» **Task objective**:
Directions for the data below: repeat exactly the lines from the one with "Outdoor Engagement Party Decoration Ideas" through the one with "How to Throw", both included, and omit all pictures.

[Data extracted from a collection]
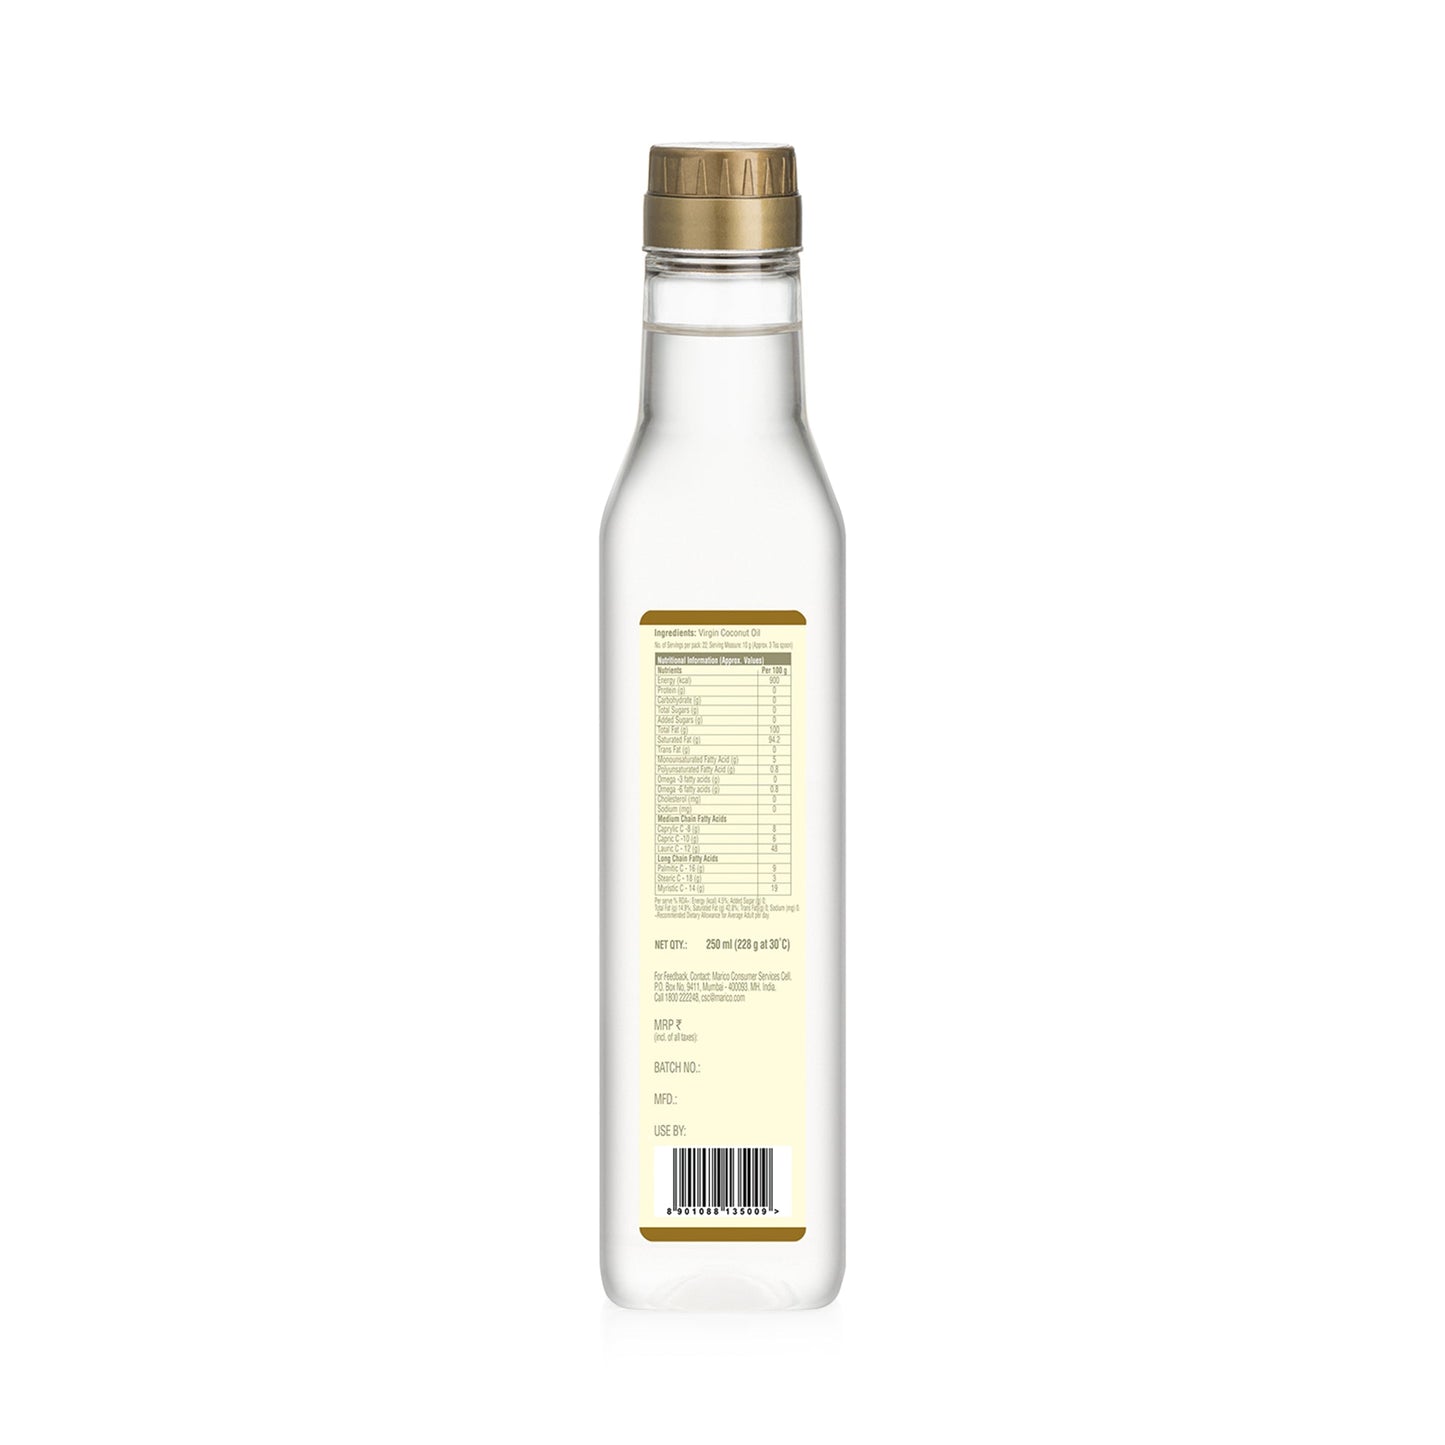 Cold Pressed Natural Virgin Coconut Oil  From the makers of Parachute  250 ml
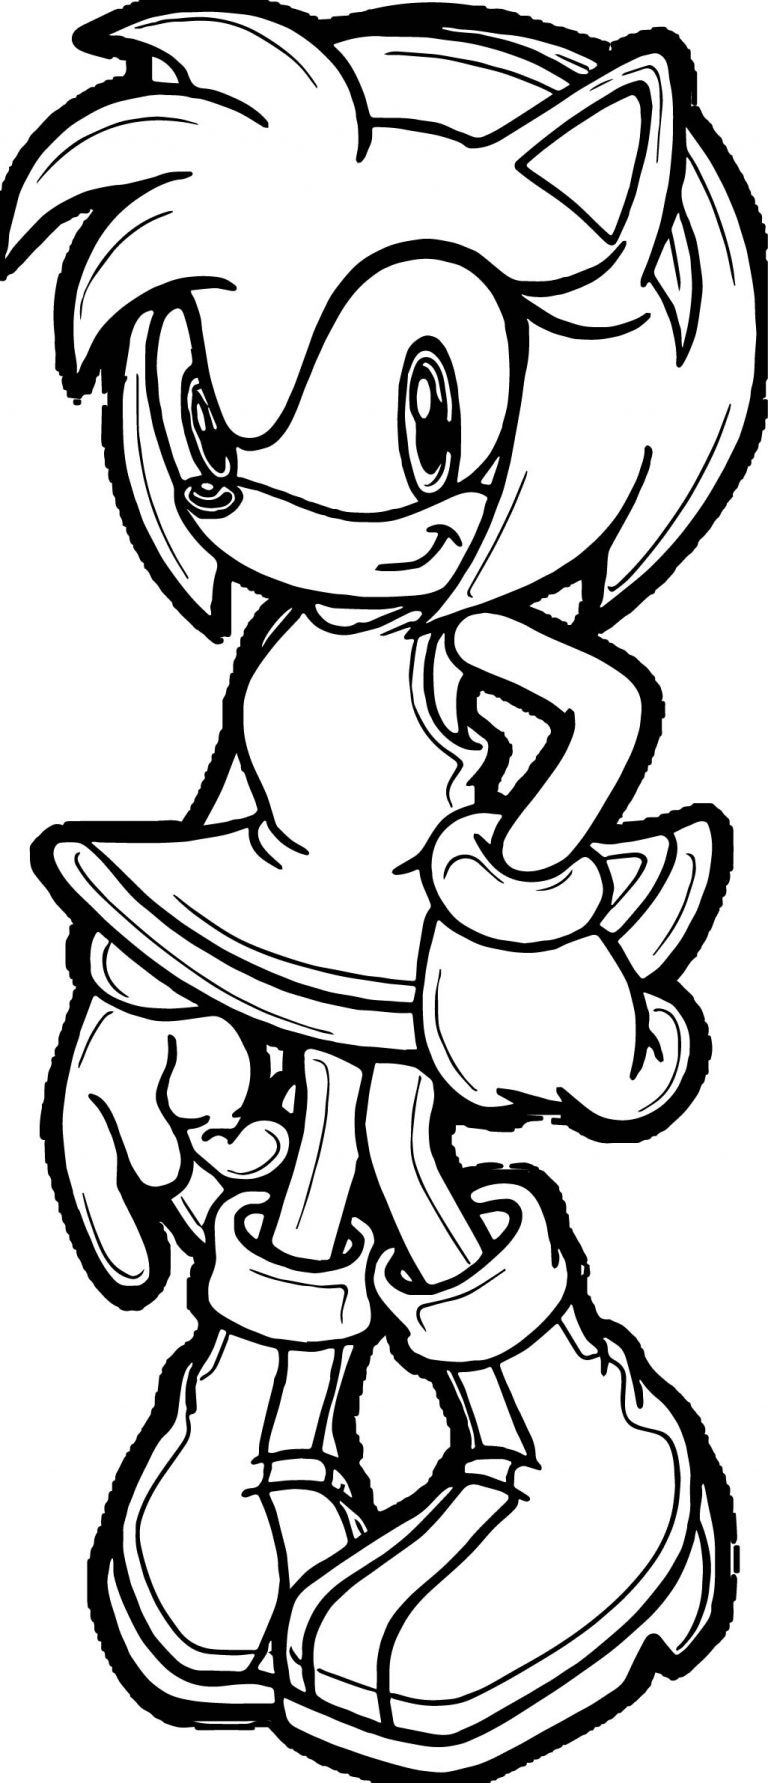 Amy Rose Shirt Coloring Page | Wecoloringpage.com
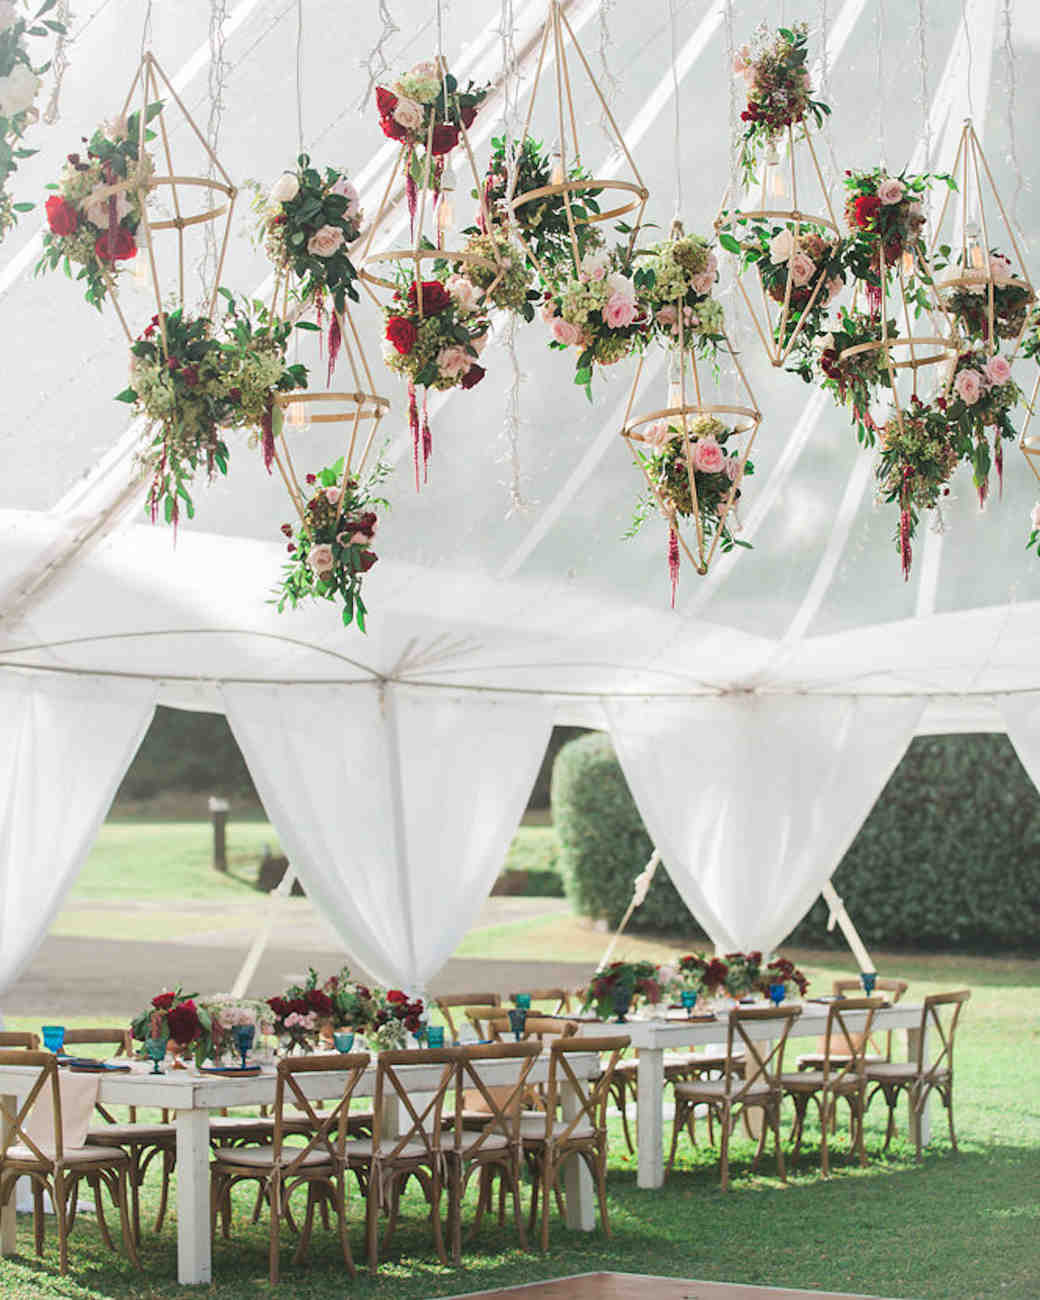 Outdoor Engagement Party Decoration Ideas
 How to Throw the Perfect Backyard Engagement Party
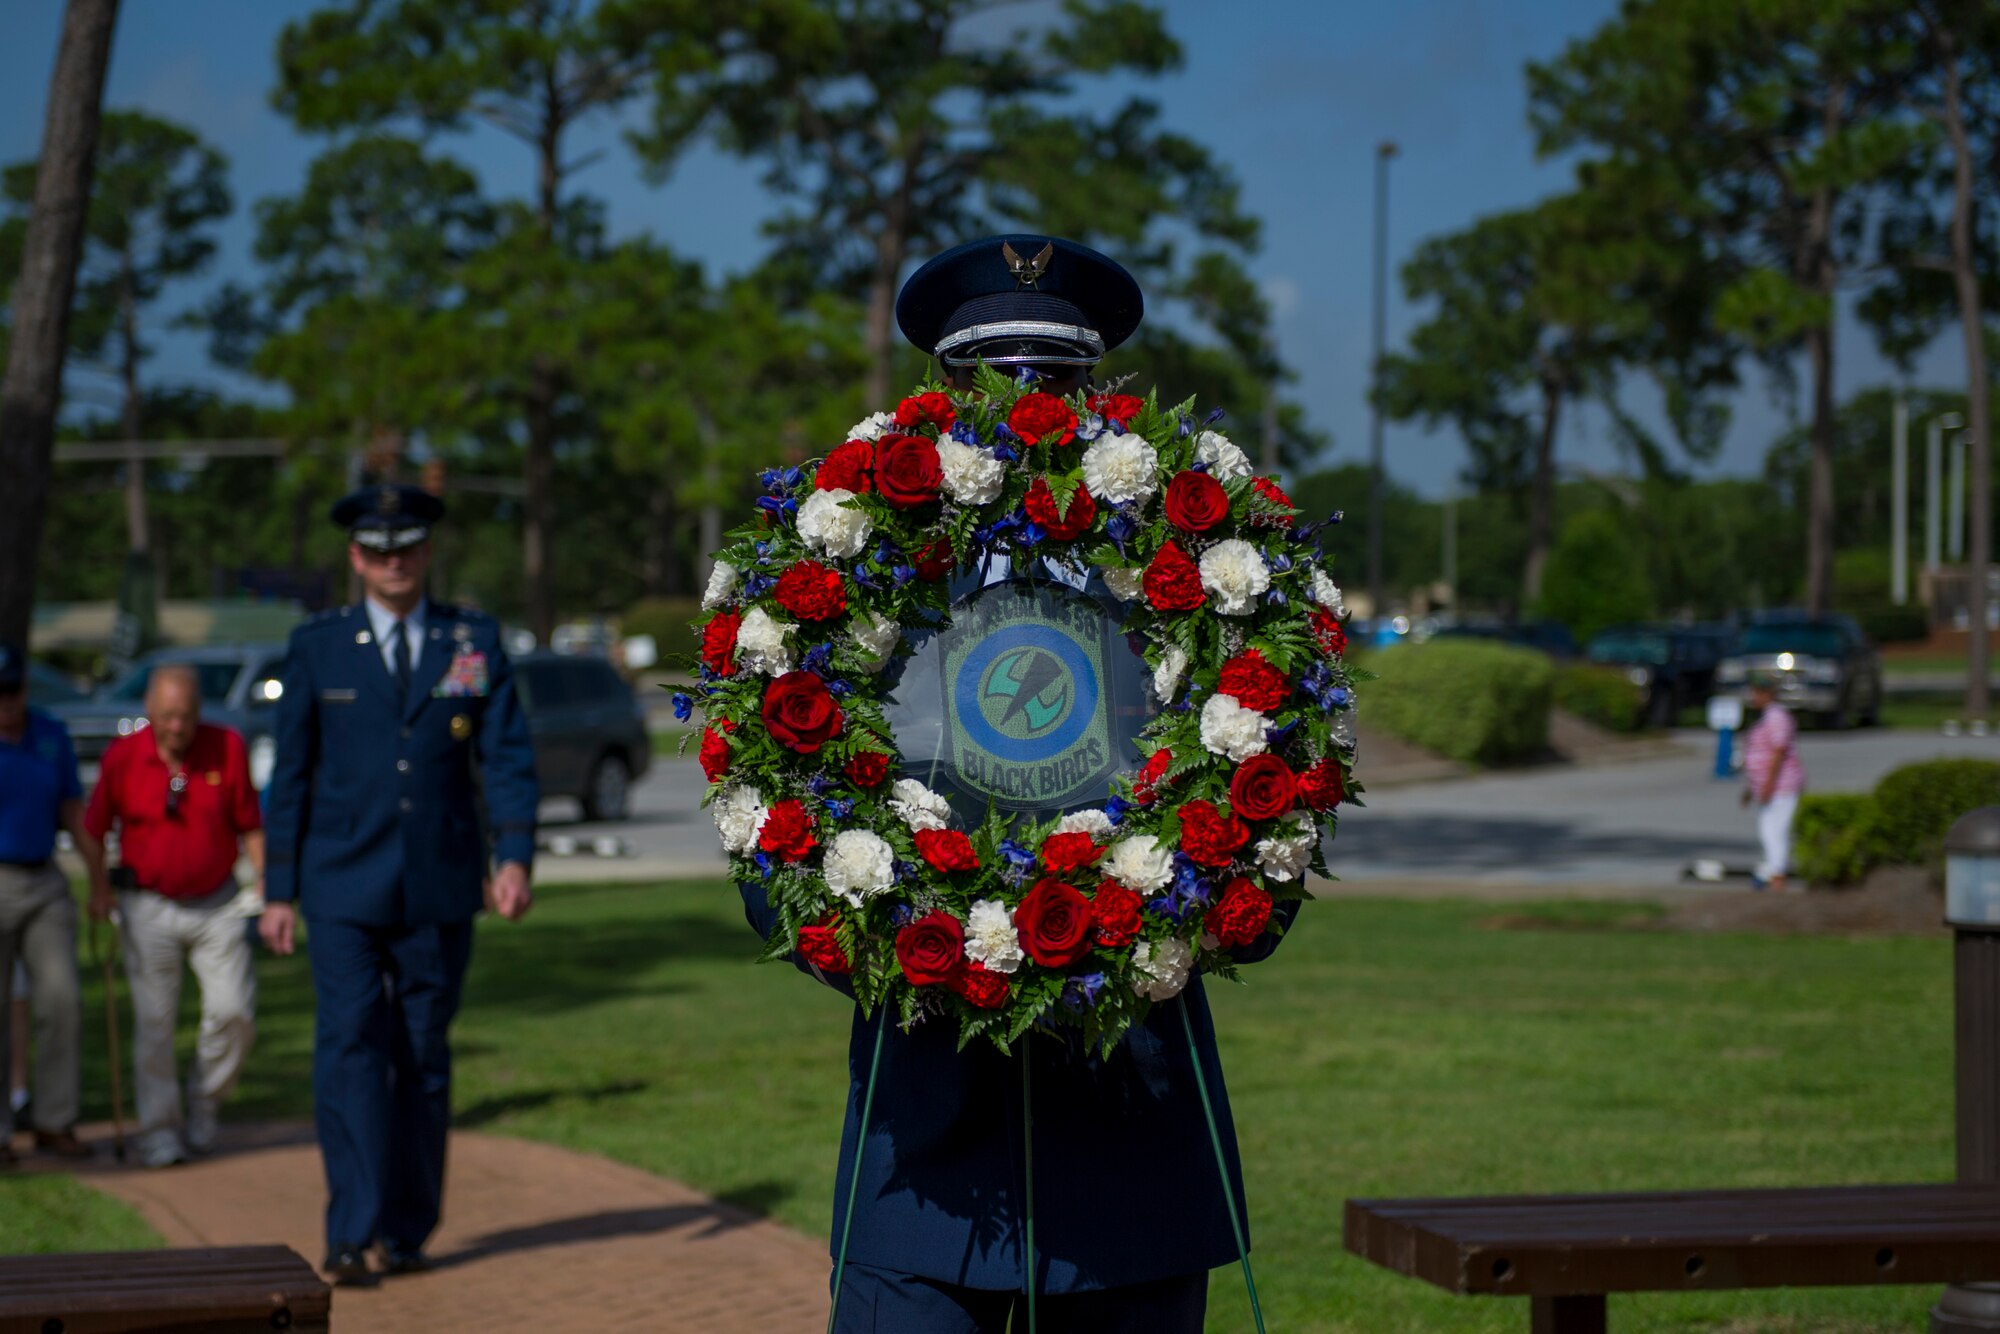 A member of the Hurlburt Field Honor Guard carries a wreath to the Operation Eagle Claw memorial ceremony at Hurlburt Field, Fla., June 23, 2017. Operation Eagle Claw was an attempted hostage-rescue mission in 1980 that resulted in five 8th Special Operations Squadron Airmen and three Marines sacrificing their lives when two of the involved aircraft collided at the Desert One staging site. (U.S. Air Force photo by Staff Sgt. Victor J. Caputo)

» **Output of the exercise**:
 Outdoor Engagement Party Decoration Ideas
 How to Throw the Perfect Backyard Engagement Party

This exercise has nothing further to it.